You can find pictures of the board and case in res/images

Software

The software is pretty lousily built, constant writes to flash, most of the program lives on a JFFS2 partition, I'm thinking that this won't last more than a year or two by either running out of memory or wearing down the flash. The main ZigBee controller software is referenced as "vihome" or "vihome2", I wasn't able to find any info about it, it seems like it was custom built for this orvibo brand.

The root partition comes with standard busybox, ftpput, ftpget and nc, useful for transferring files, no dropbear however, so I had to come up with some tricks to pipe files via telnet.

To initialize the ZigBee MCU the vihome program writes the following values to /proc/gpio:

echo jn_reset 1 > /proc/gpio
echo set_receiver_pid $$ > /proc/gpio
echo set_reset_ensure_time 5 > /proc/gpio
echo jn_reset 0 > /proc/gpio

jn_reset seems to be a reference to other board revisions that use a JN5168A as the ZigBee MCU, setting it to zero enables the MCU and setting it to 1 disables it. The baud rate to communicate with the MCU is 57600.

Default credentials

Upgrading firmware on NCP

The device seems to have the ability to update the EmberZNet firmware from the same UART port it uses for communication, however there seems to be some hardware error where the RX line on the NCP is left floating when booting the bootloader. The lack of a pull up resistor on this line means that the bus is effectively unusable.

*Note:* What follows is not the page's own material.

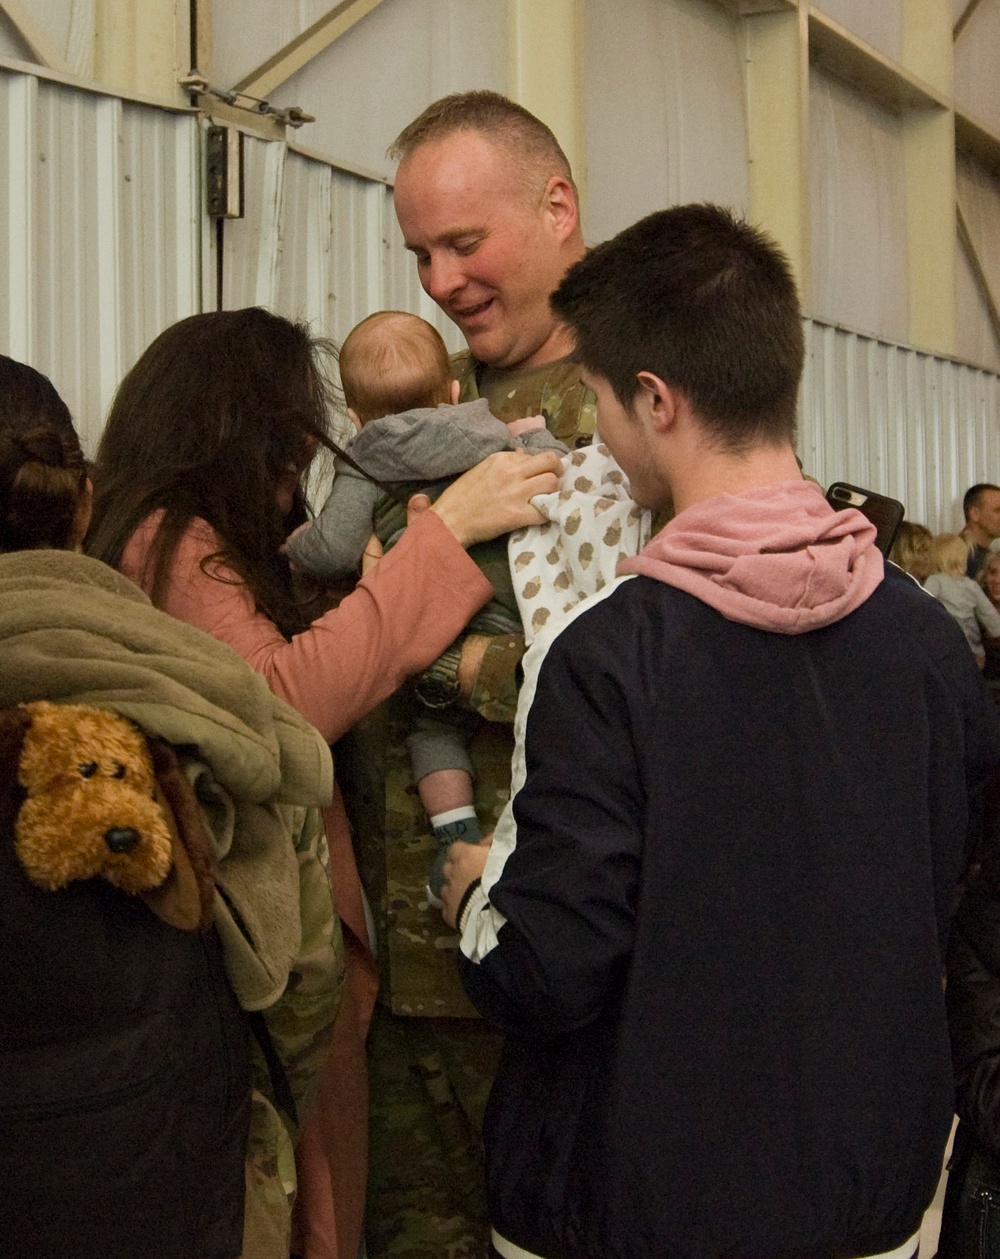 Welcome home dad! It's nice to meet you!

It's possible however to open the case and connect an external UART adapter with a pull up resistor on its TX line and use that to communicate with the bootloader. Baud rate for the bootloader is 115200 bps.

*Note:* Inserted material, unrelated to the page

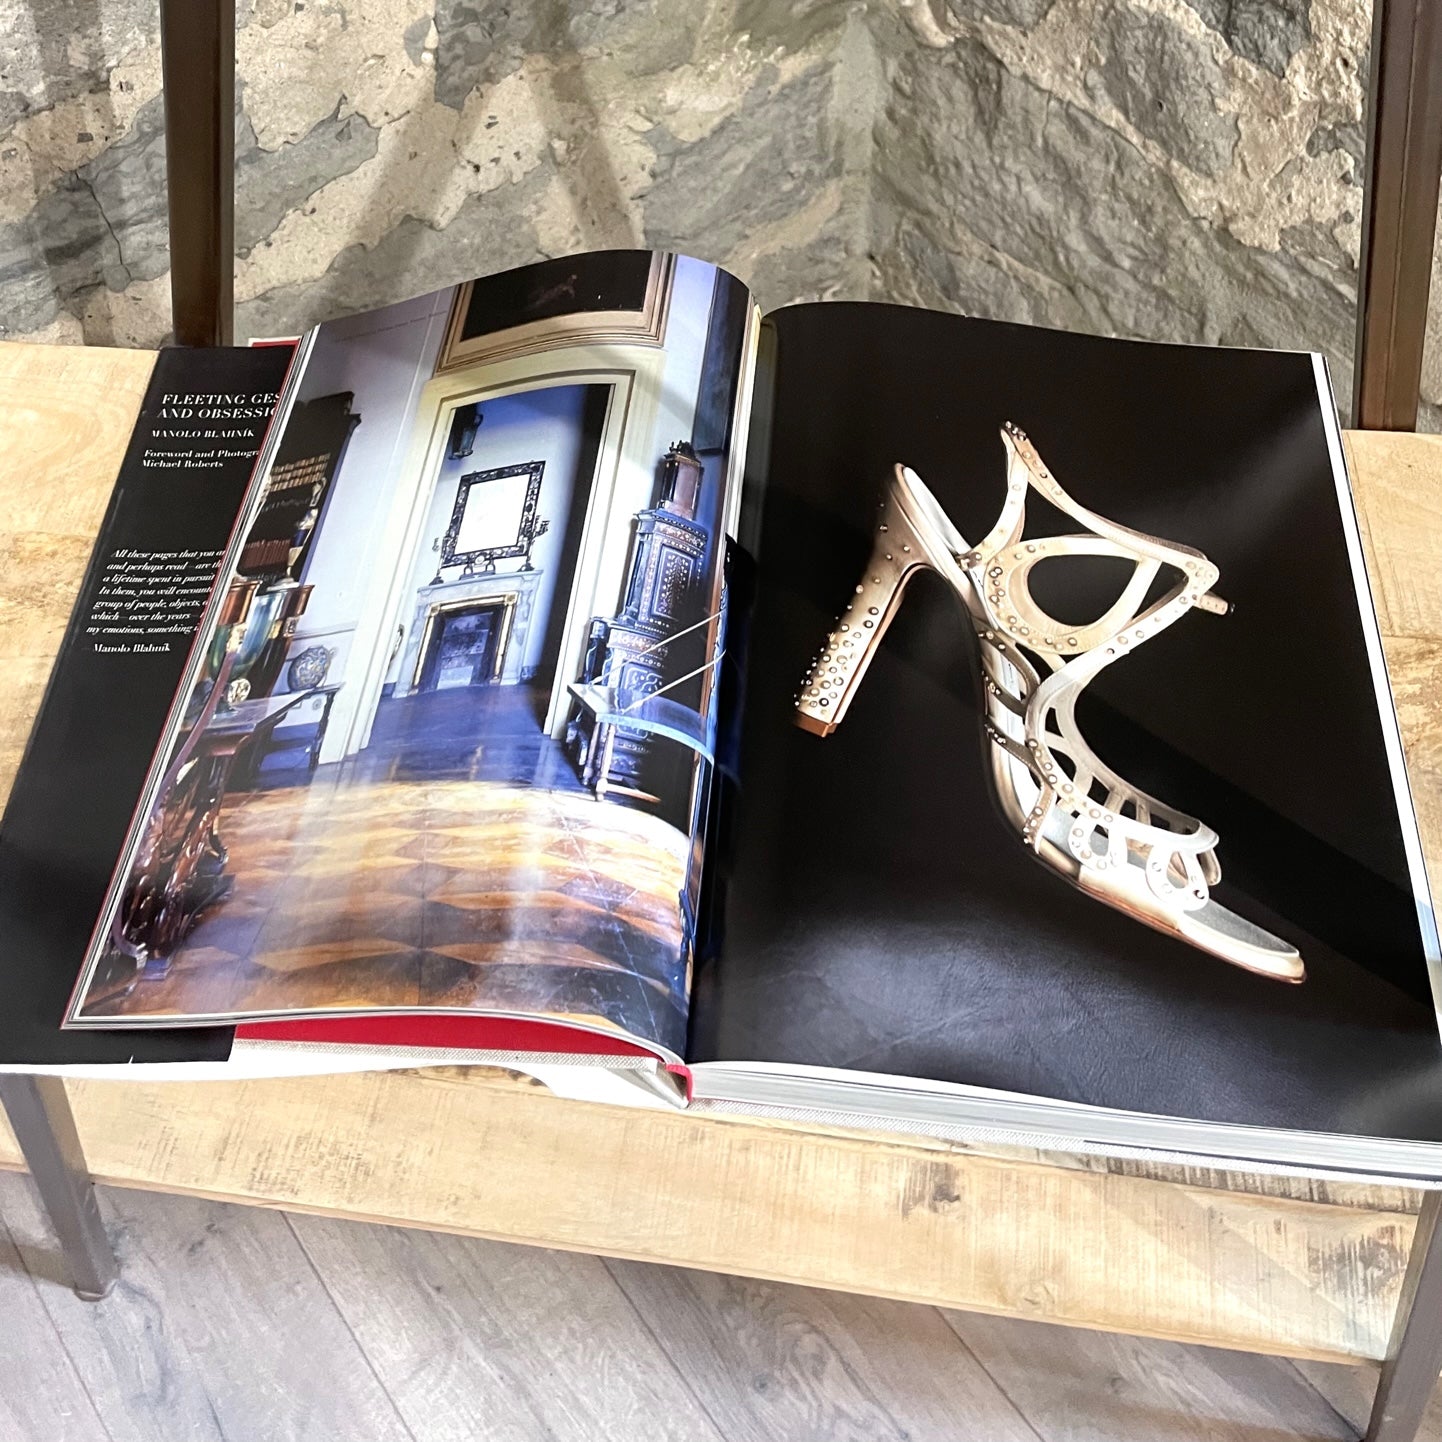 Manolo Blahnik: Fleeting Gestures and Obsessions Book – Boutique LUC.S

The three pads on top of the NCP as seen in the top PCB view hook up to the same UART lines used by the SOC to communicate with the NCP. From left to right the pads are: GND, RX on the NCP and TX on the NCP. Keep in mind that regular communications (outside the bootloader), require hardware flow control with the RTS and CTS lines. To avoid messing with the RTS and CTS lines you can fire the bootloader from the serialgateway using the bellows command like so: bellows -d socket://<ip of the hub>:8888 bootloader.

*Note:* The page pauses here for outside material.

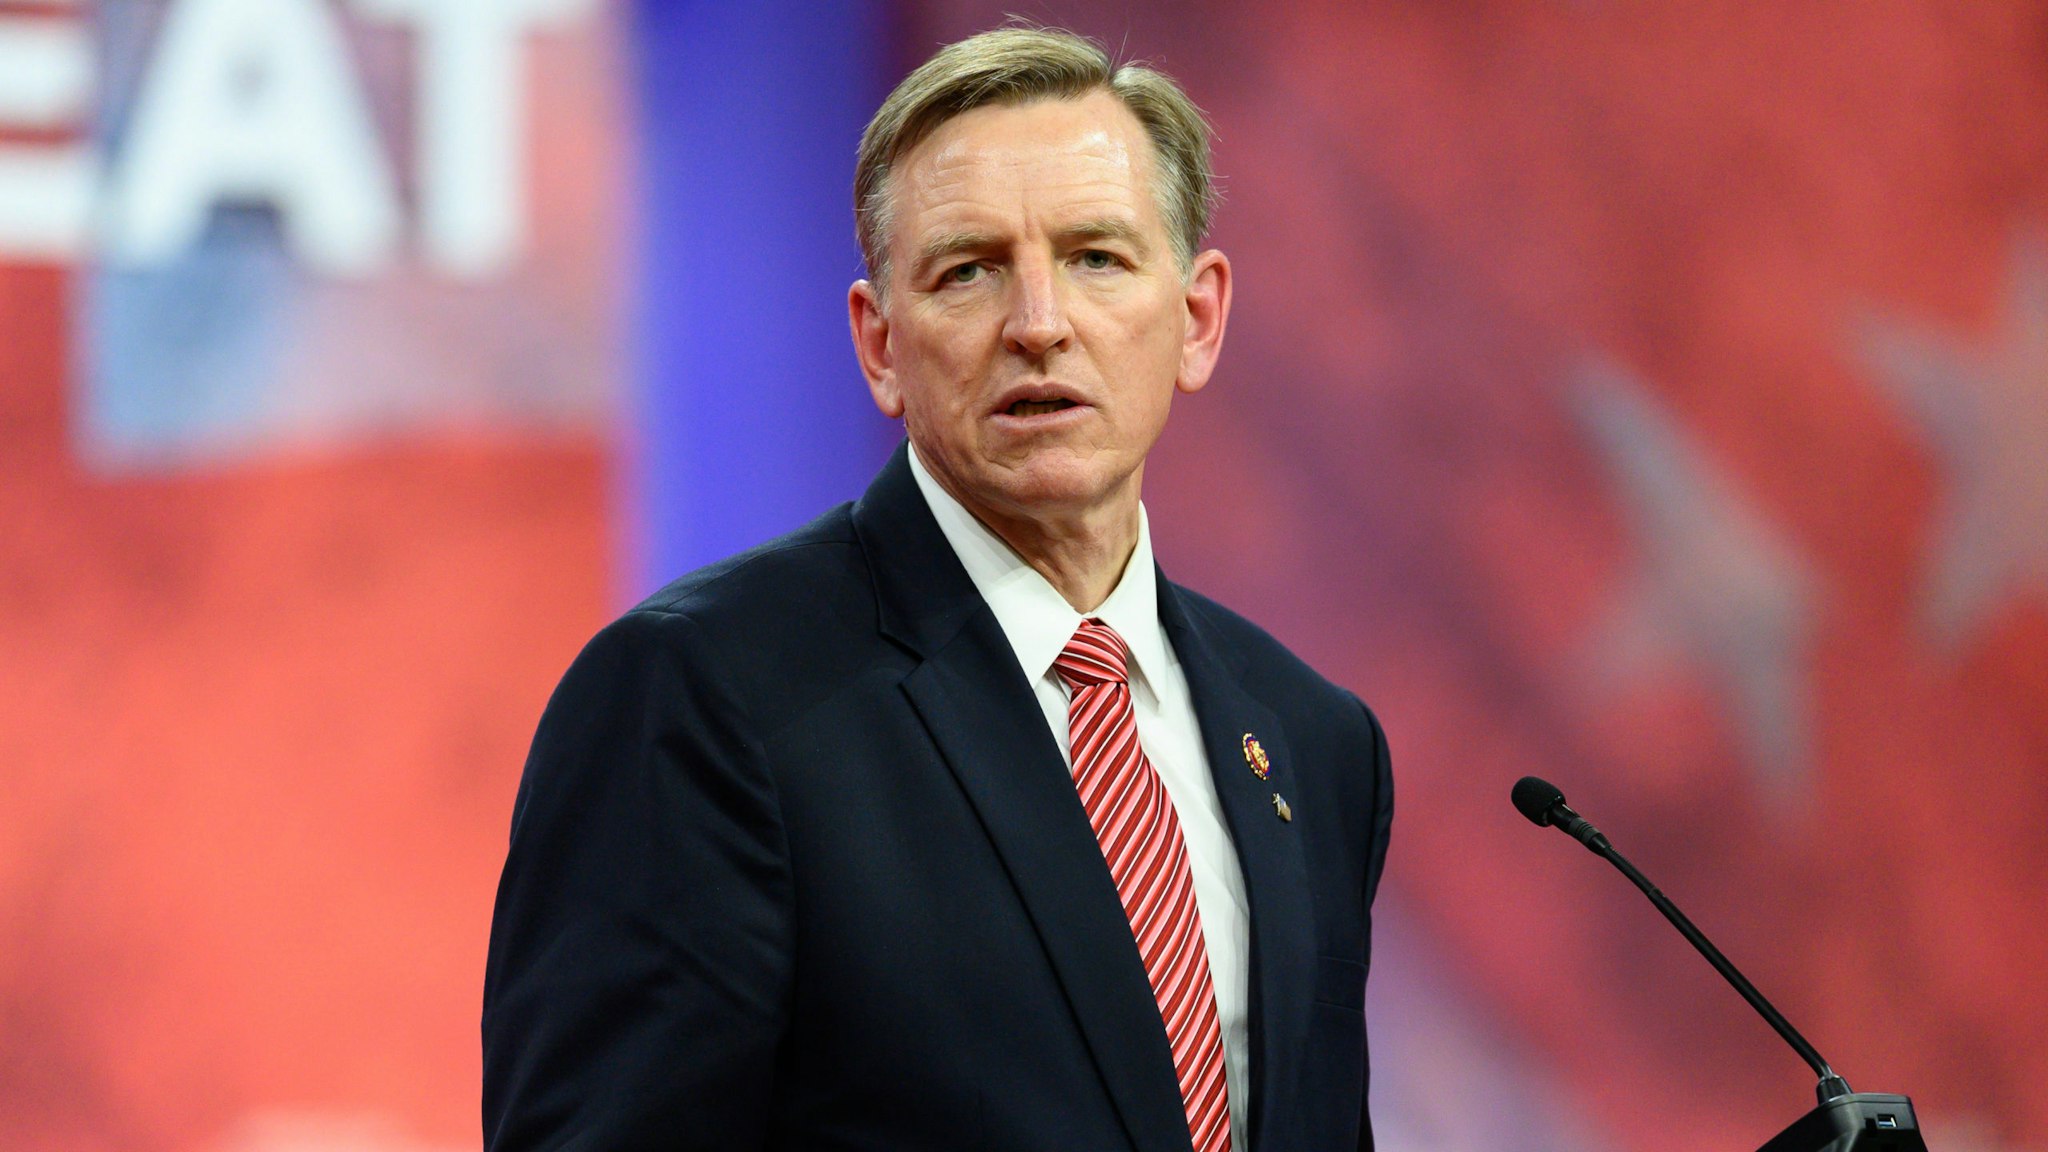 OXON HILL, MD, UNITED STATES - 2019/02/28: U.S. Representative Paul Gosar (R-AZ) seen speaking during the American Conservative Union's Conservative Political Action Conference (CPAC) at the Gaylord National Resort &amp; Convention Center in Oxon Hill, MD.

Once you connect via UART, press enter and you'll get the following prompt:

EFR 32Serial Btl v5.7.4.0 b99
1. upload ebl
2. run
3. ebl info
> 

The walthowd/husbzb-firmware repo provides a script to upload the firmware using XMODEM

Here's the latest firmware I was able to find for this chip, if you find something newer, you're welcome to open an issue.

Notes

Interestingly, with the current situation of the pull up resistors, it would seem as though the SOC would be unable to update the NCP firmware on its own. I tried running the function update_zigbee but I couldn't get it to work, the JennicModuleProgrammer program messes with the GPIOs (echo jn_update 1 > /proc/gpio) to apparently set the NCP into programming mode, but again the lack of a pull up resistor messes with the UART bus anyways.